» Task item
Exclude the pictures and transcribe the rest of the data below exactly.

» Given data
================
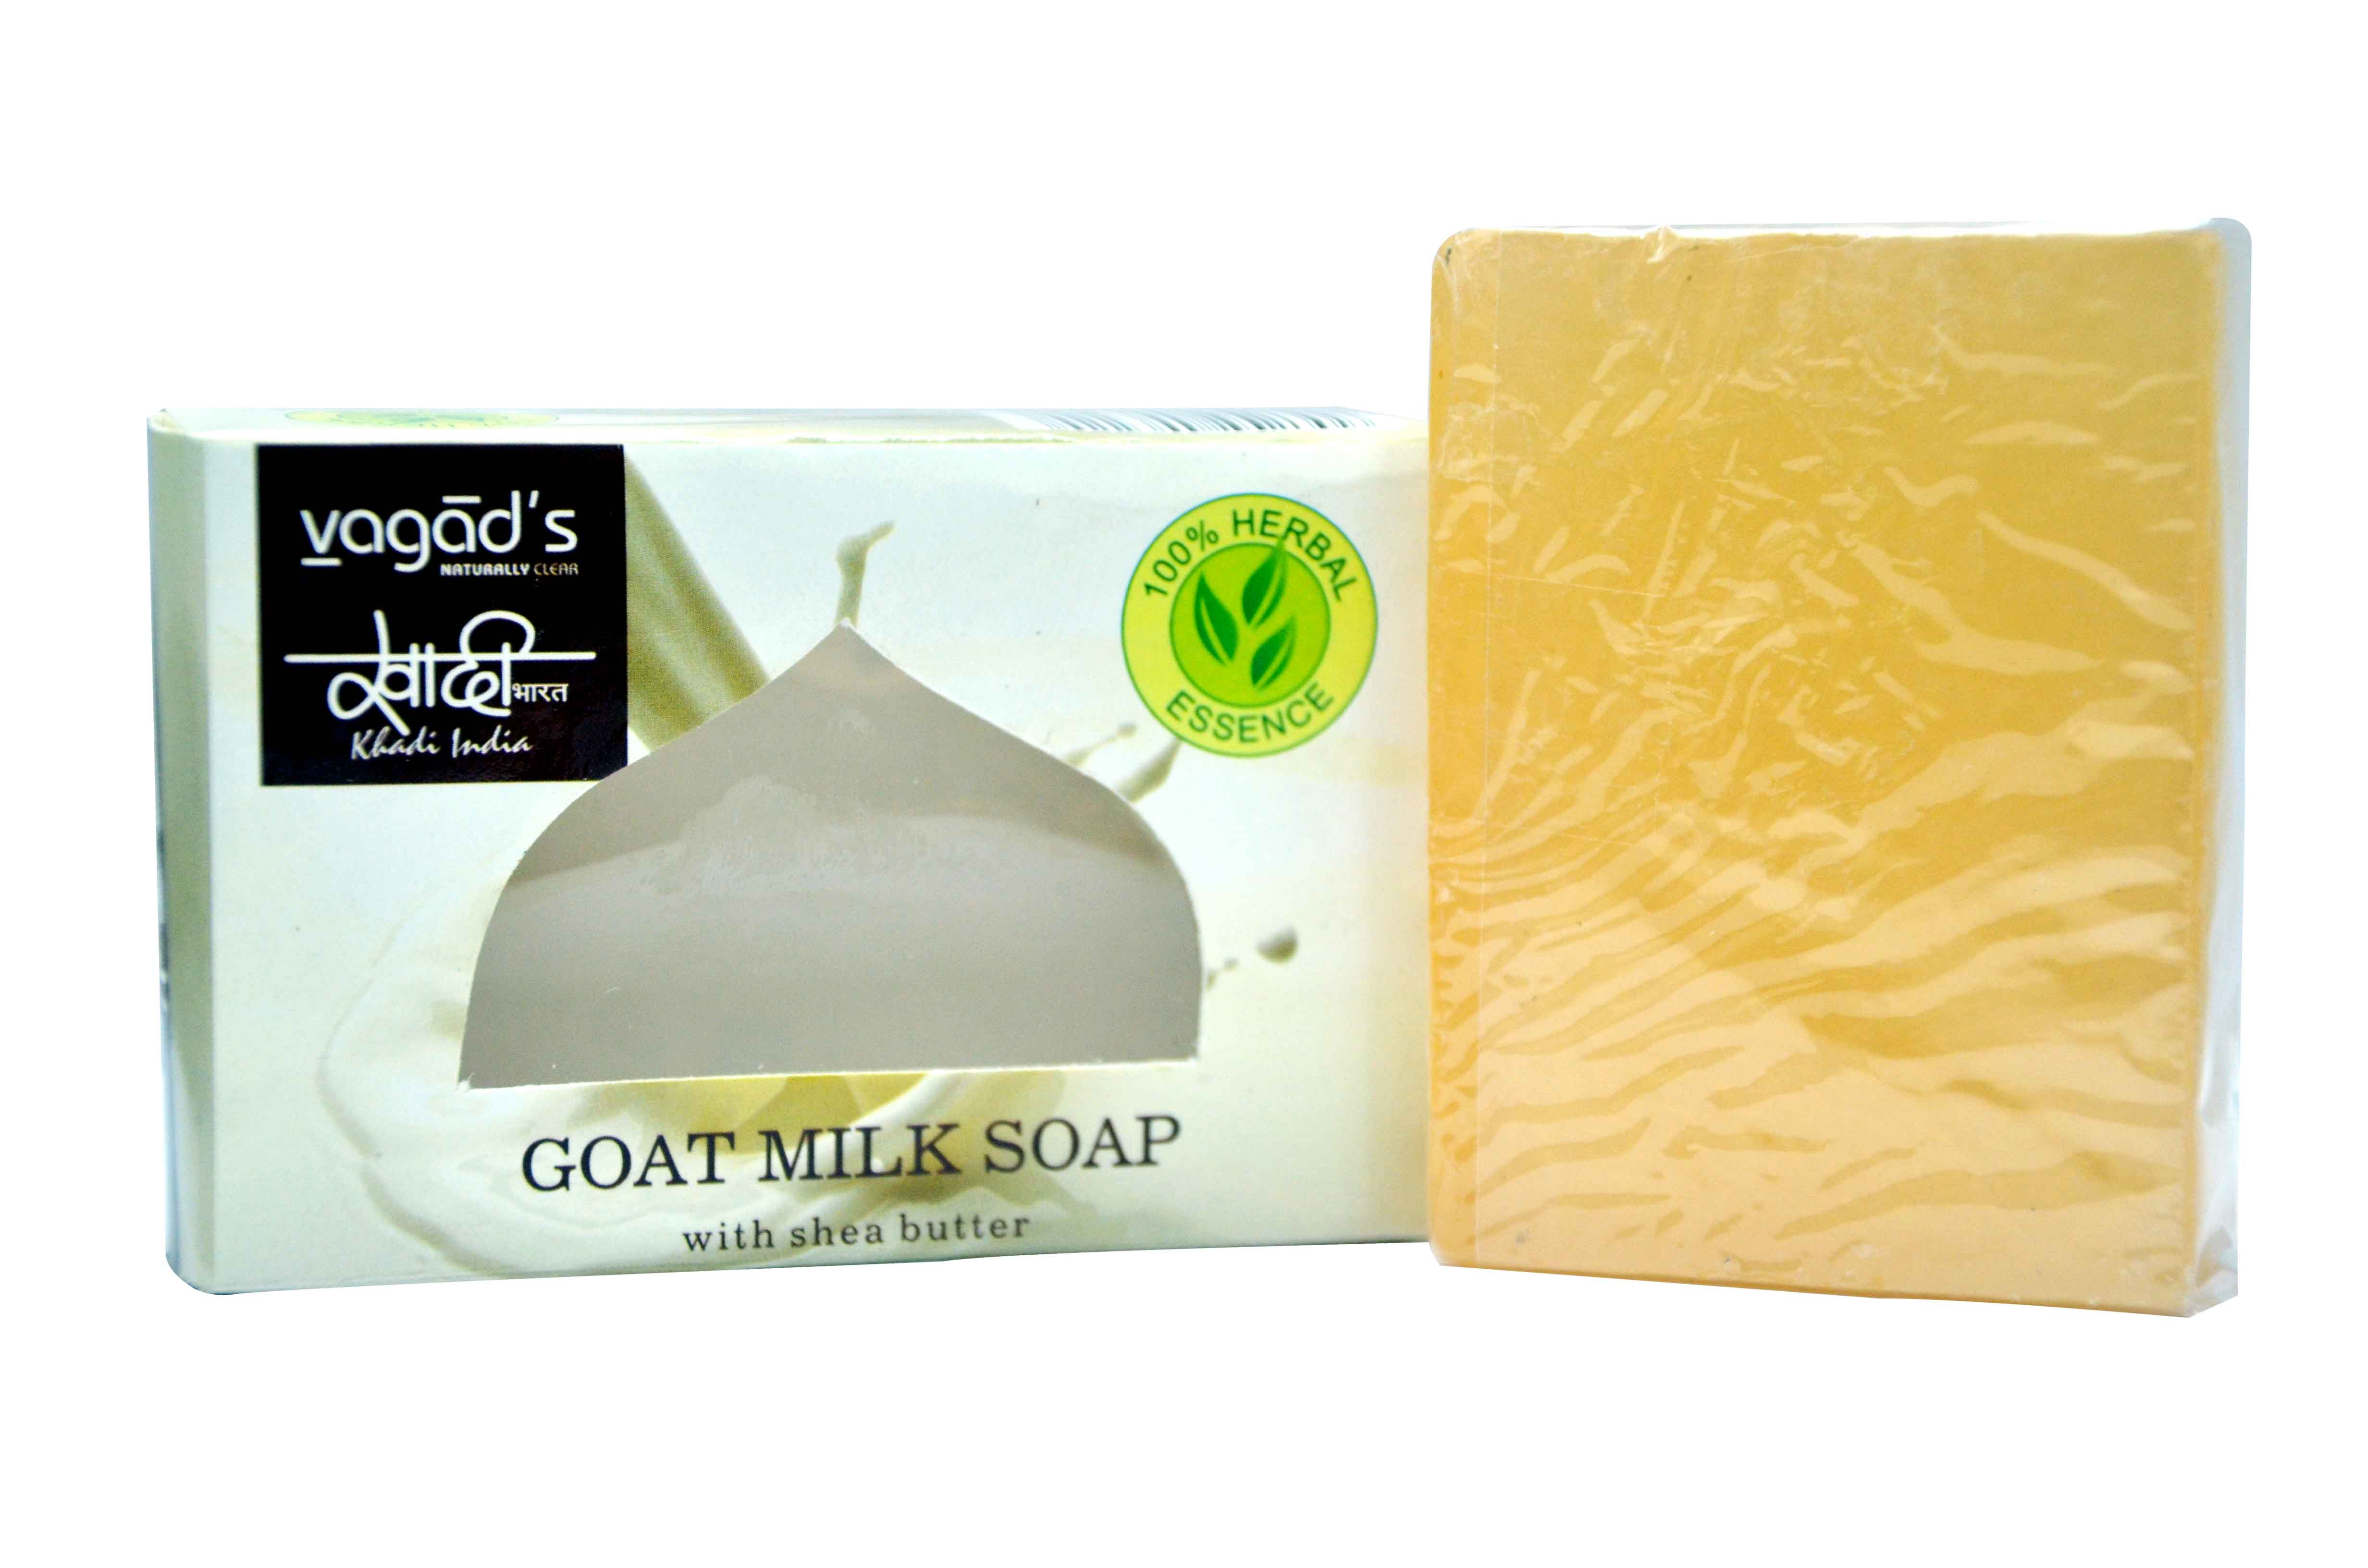 Vagad's Khadi Goat Milk Soap With Shea Butter
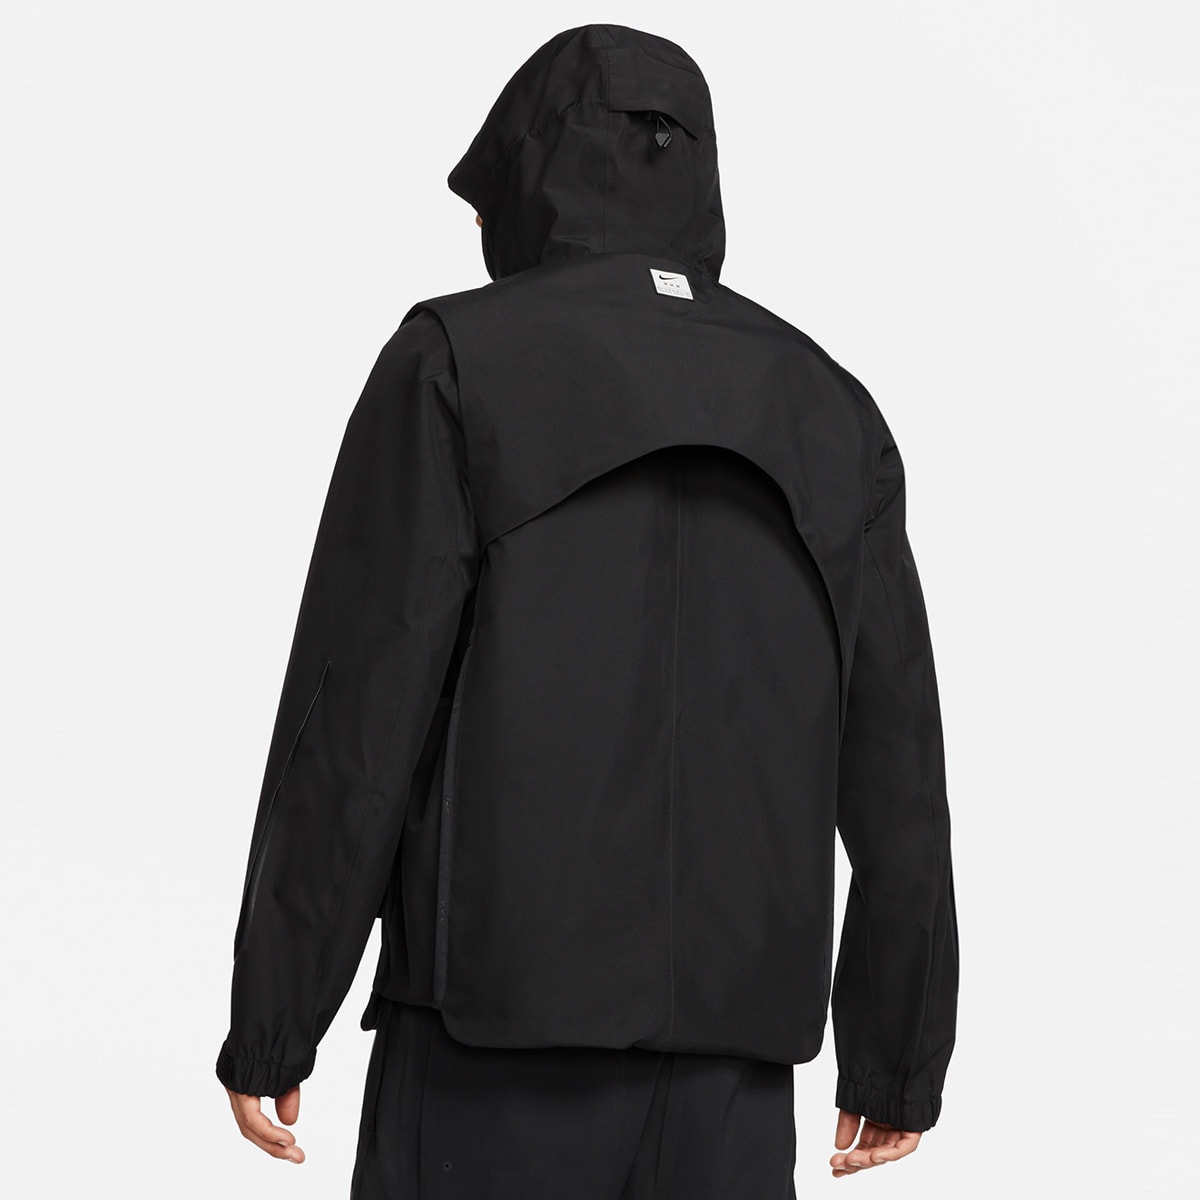 Nike x MMW Jacket (Black) | END. Launches
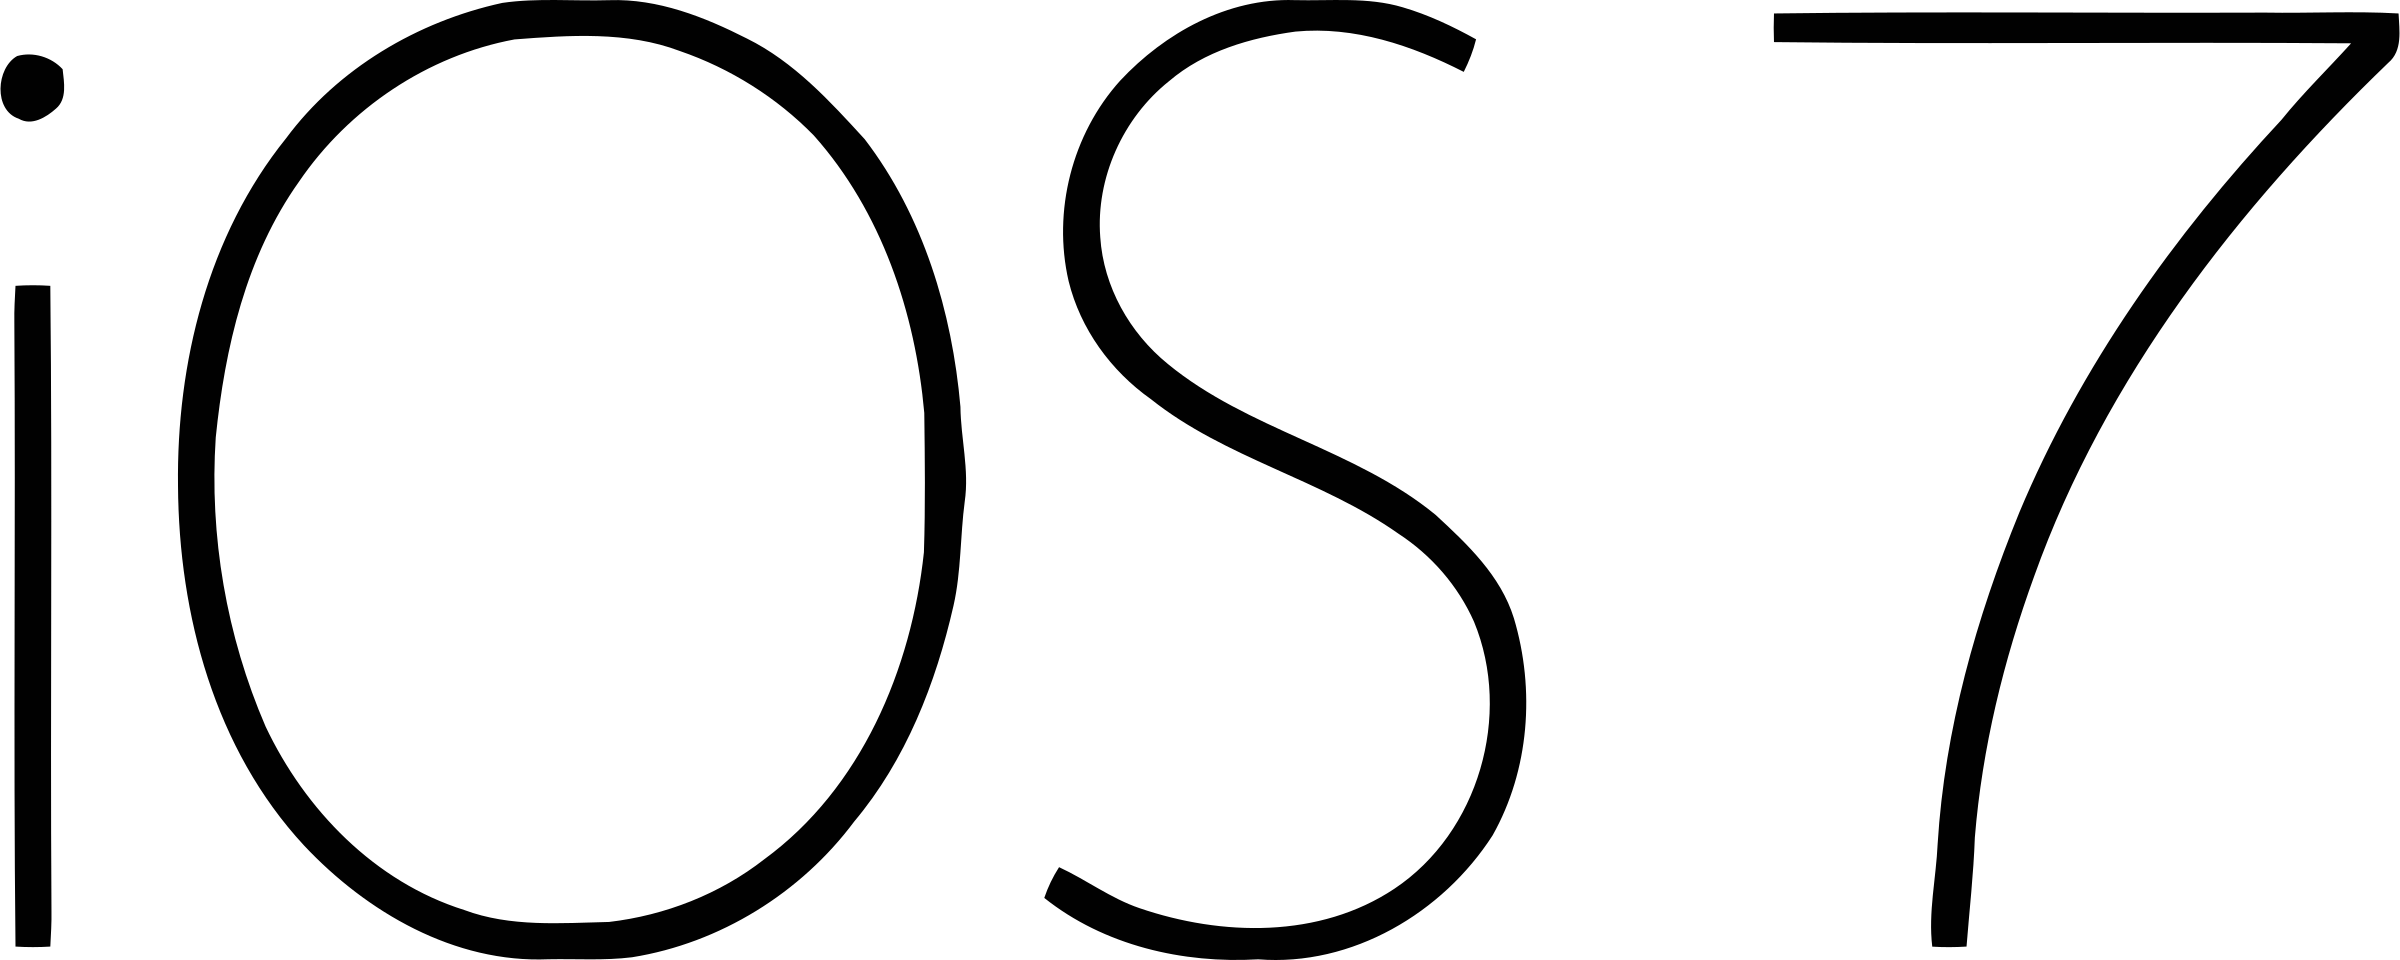 Apple Ios 7 Logo Black And White - Iphone 7 Logo Vector (2400x960)
================
» Reply
 Vagad's Khadi Goat Milk Soap With Shea Butter
 Nike x MMW Jacket (Black) | END. Launches
 Apple Ios 7 Logo Black And White - Iphone 7 Logo Vector (2400x960)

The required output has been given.